The content, including but not limited to any articles, news, quotes, information, data, text, reports, ratings, opinions, images, photos, graphics, graphs, charts, animations and video (Content) is a service of Kalkine Media Limited, Company No. 12643132 (Kalkine Media, we or us) and is available for personal and non-commercial use only. Kalkine Media is an appointed representative of Kalkine Limited, who is authorized and regulated by the FCA (FRN: 579414). The non-personalised advice given by Kalkine Media through its Content does not in any way endorse or recommend individuals, investment products or services suitable for your personal financial situation. You should discuss your portfolios and the risk tolerance level appropriate for your personal financial situation, with a qualified financial planner and/or adviser. No liability is accepted by Kalkine Media or Kalkine Limited and/or any of its employees/officers, for any investment loss, or any other loss or detriment experienced by you for any investment decision, whether consequent to, or in any way related to this Content, the provision of which is a regulated activity. Kalkine Media does not intend to exclude any liability which is not permitted to be excluded under applicable law or regulation. Some of the Content on this website may be sponsored/non-sponsored, as applicable. However, on the date of publication of any such Content, none of the employees and/or associates of Kalkine Media hold positions in any of the stocks covered by Kalkine Media through its Content.
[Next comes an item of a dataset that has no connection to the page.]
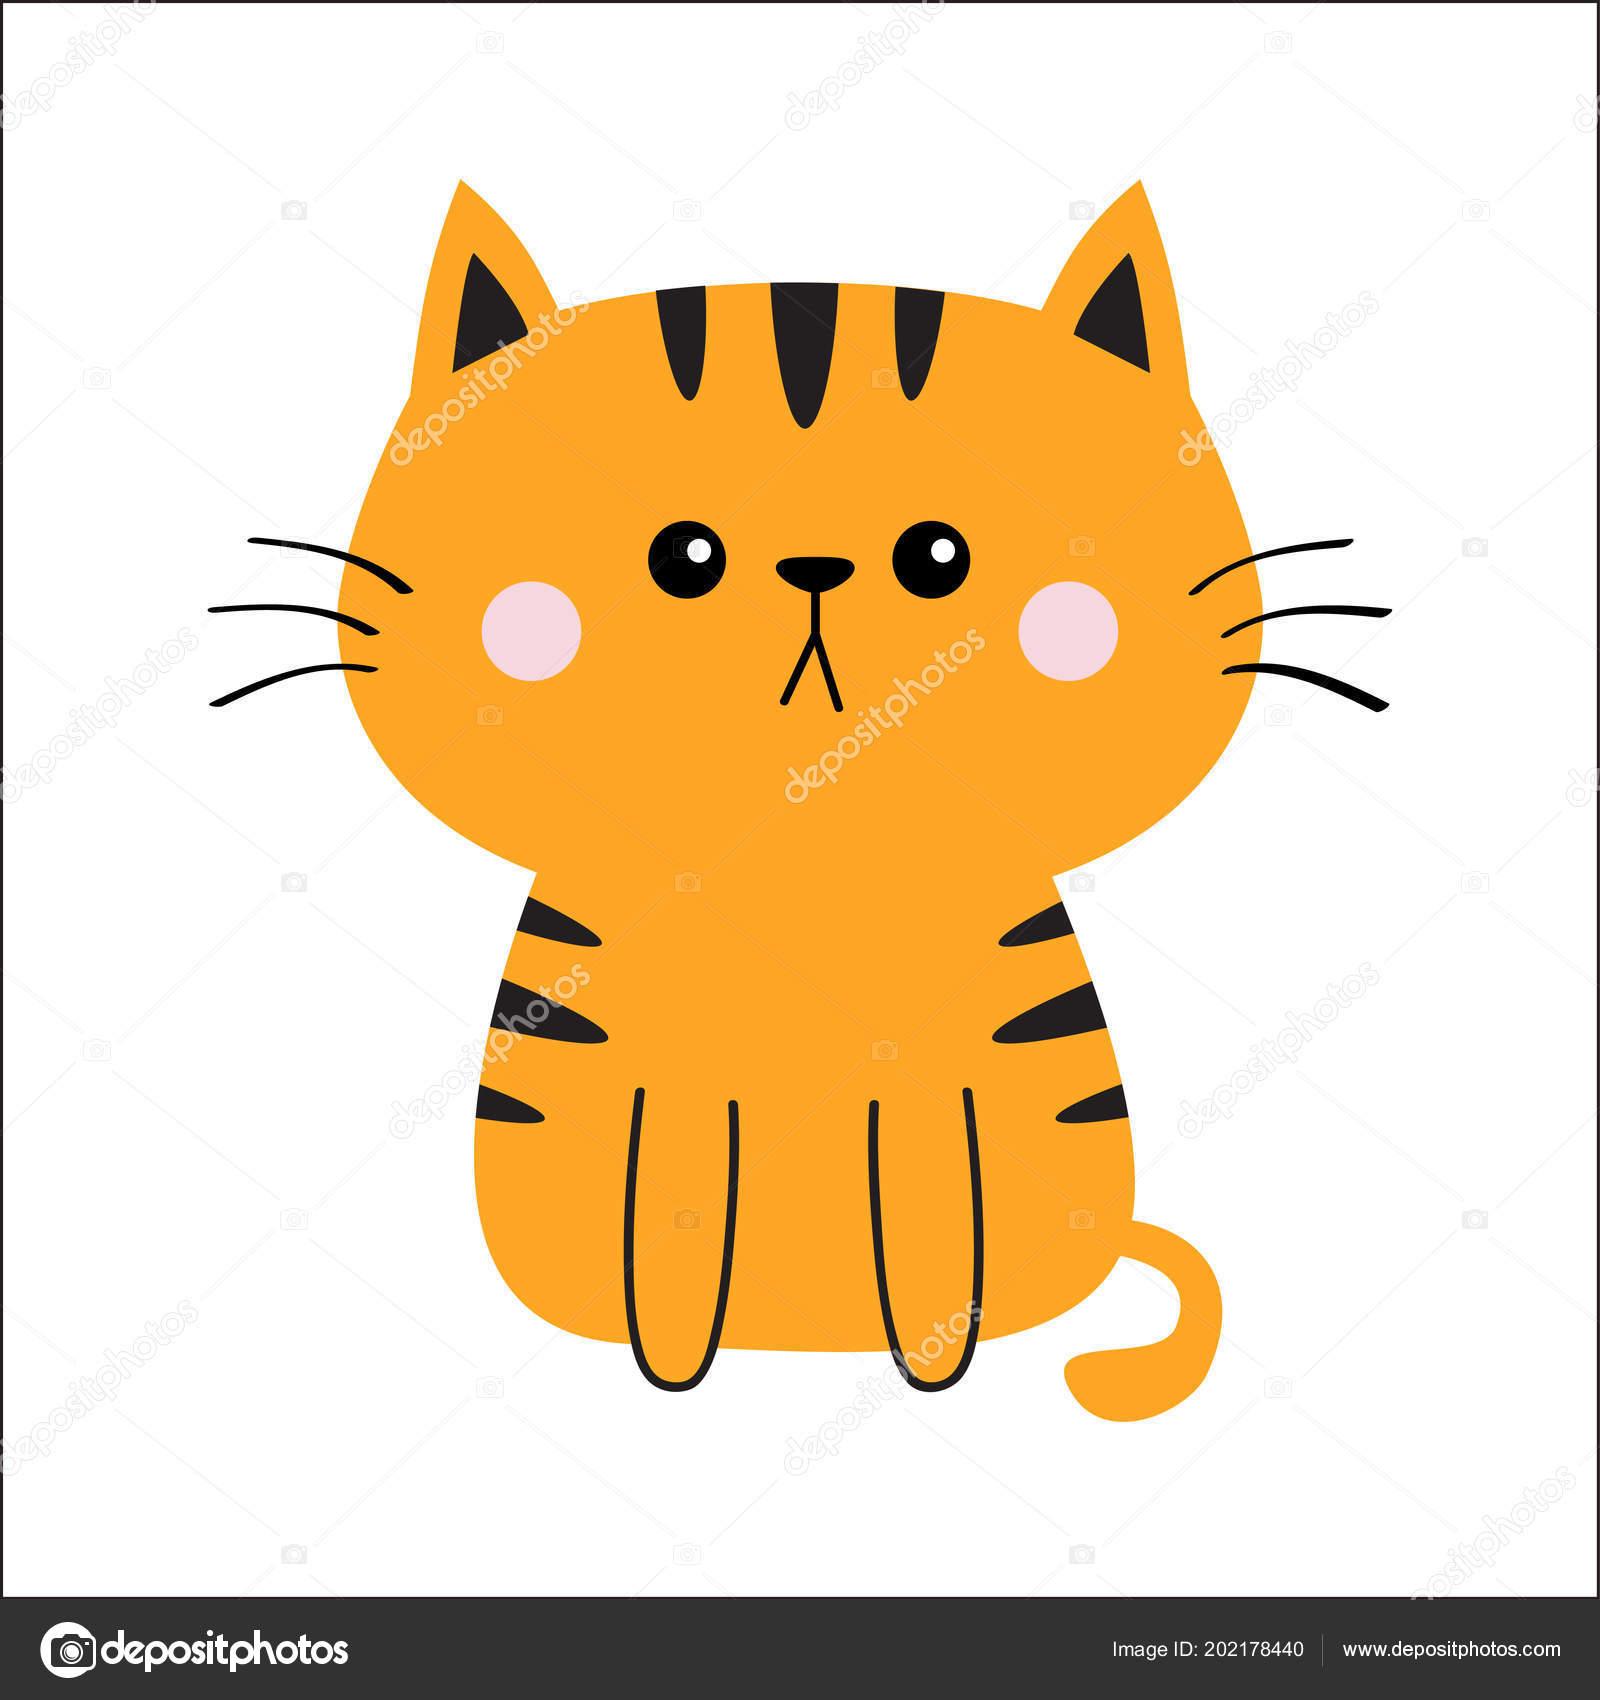 Silueta Cara Triste Cabeza Gato Color Naranja Rojo Dibujos Animados
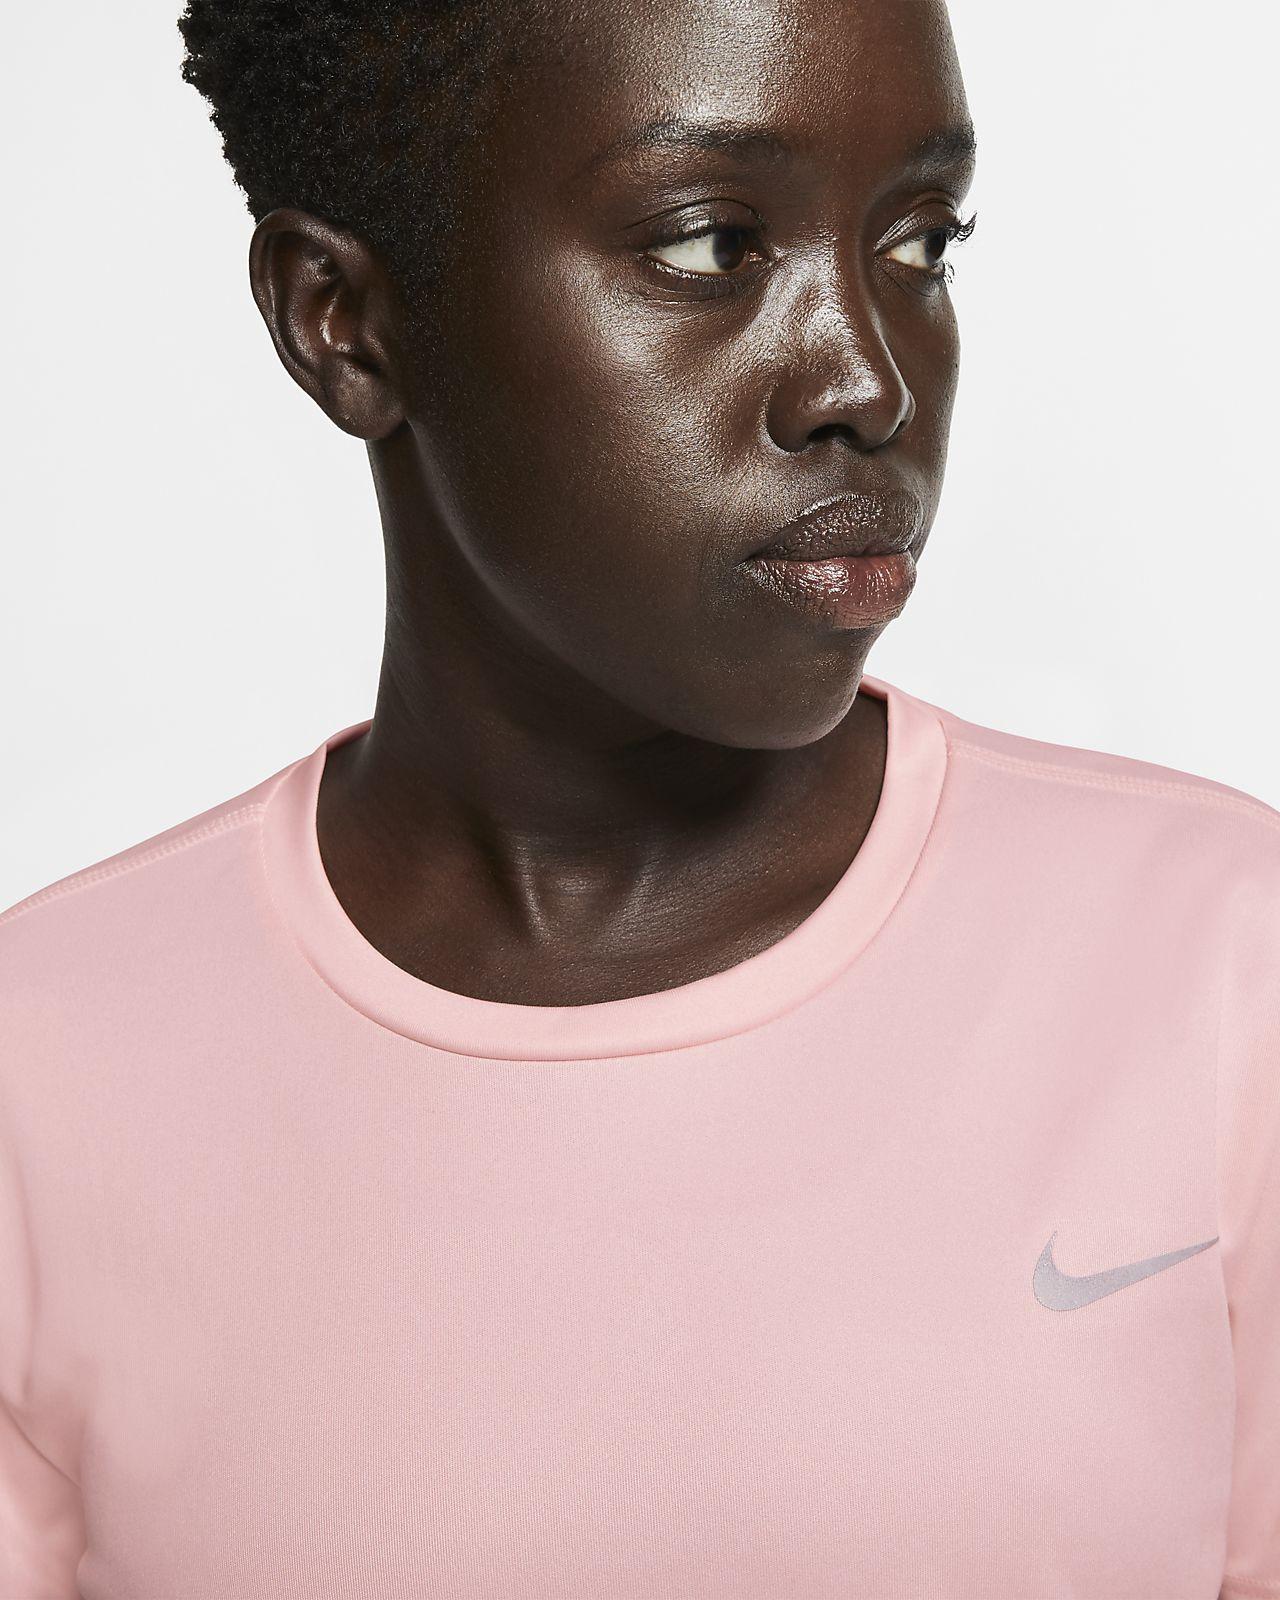 523be68155c84b Camisola de running de manga curta Nike Miler para mulher

The views expressed in the Content by the guests, if any, are their own and do not necessarily represent the views or opinions of Kalkine Media. Some of the images/music/video that may be used in the Content are copyright to their respective owner(s). Kalkine Media does not claim ownership of any of the pictures displayed/music or video used in the Content unless stated otherwise. The images/music/video that may be used in the Content are taken from various sources on the internet, including paid subscriptions or are believed to be in public domain. We have used reasonable efforts to accredit the source wherever it was indicated or was found to be necessary.